A personal thinking tool for mapping beliefs as a directed graph. You start with a question, write answers, and let each answer raise new questions. What emerges is a Socratic dialogue with yourself — a map of how your reasoning actually branches, stalls, and reconnects.
Built as a companion to an essay. The app is the argument made interactive.
- Explore Mode — focus on one node at a time. See where it came from, write where it leads. Low friction: type, press Enter, keep going.
- Map Mode — see the whole graph at once. Force-directed layout, drag to rearrange, click any node to dive back in.
- Two node types — questions (amber, serif, sharp corners) and answers (blue, sans-serif, rounded). They alternate as you write.
- Link existing nodes — when a thread converges with one you've already written, connect them instead of duplicating.
- Open thread nudge — the app surfaces a random leaf node at the bottom of each screen. A small prompt to keep going.

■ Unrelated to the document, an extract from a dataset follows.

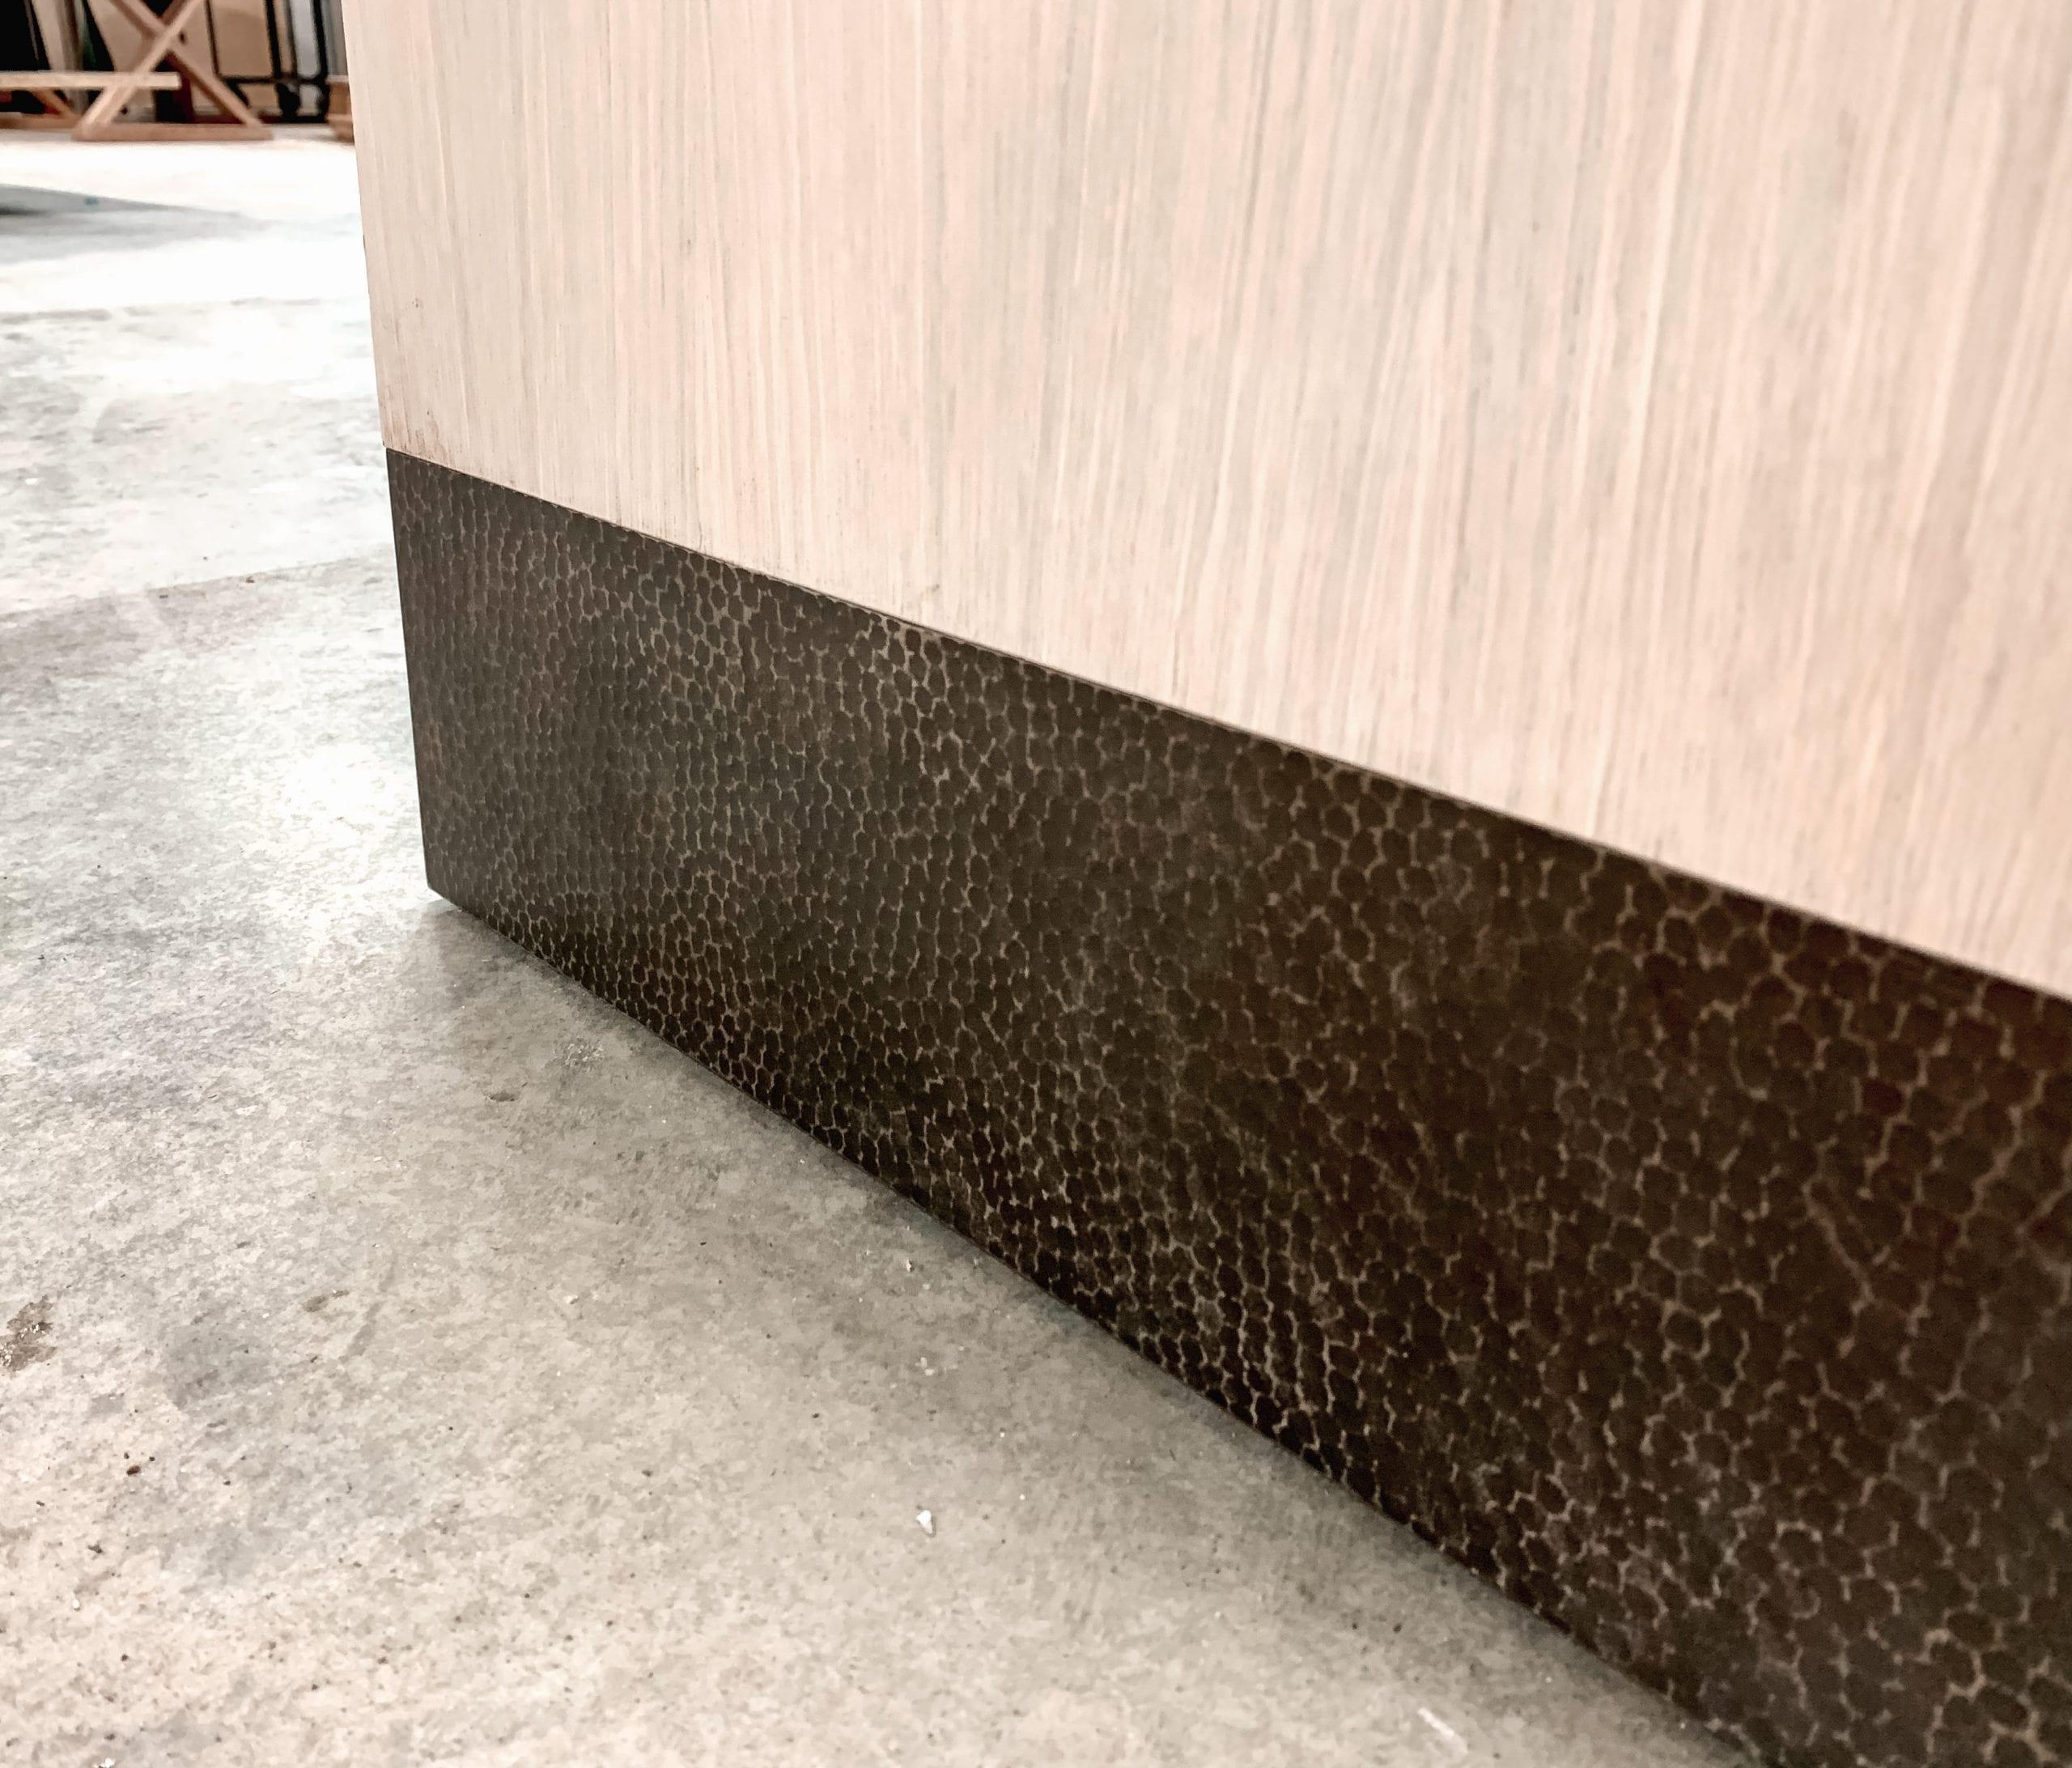 Texture on Furniture by MDM Design Studio

| Framework | Next.js 15 (App Router) |
| Visualisation | D3 (force simulation, zoom, drag) |
| Persistence | localStorage |
| Styling | Inline styles |
| Auth / DB | None yet |
No backend. Everything runs in the browser.
npm install
npm run devOpens at http://localhost:3000. Two sample explorations are seeded on first visit so you have something to click around in immediately.
app/
layout.jsx — fonts, global reset
page.jsx — redirects to /dashboard
dashboard/
page.jsx — graph list
[graphId]/
page.jsx — explore + map views
components/
Dashboard.jsx — graph cards, rename, delete
ConversationView.jsx — the main thinking interface
GraphCanvas.jsx — d3 force graph
NewGraphDialog.jsx — create flow
lib/
api.js — localStorage data layer
theme.js — colour constants
This is an early working version. The core loop is complete and usable. What's in:
- Create, rename, and delete explorations
- Add, edit, and delete nodes
- Link nodes across branches
- Drag-to-arrange in map mode (positions saved)
- Keyboard shortcuts (
/,Tab,Escape) - Mobile-friendly layout
What's not in yet:
- User accounts — data lives in localStorage, one browser, one device
- Sync — no server, no backup, clear your cache and it's gone
- Export — no JSON, image, or PDF output
- Undo — deletions are permanent
- Real-time or collaboration — fully single-user
The next meaningful step is wiring up Supabase for persistence and auth so data follows the user across devices.
Born from an essay about belief systems and how most people often don't examine the structure of their own thinking. The graph format isn't just a UI choice — it's the argument: beliefs aren't a list, they're a network, and most of the interesting stuff lives in the edges.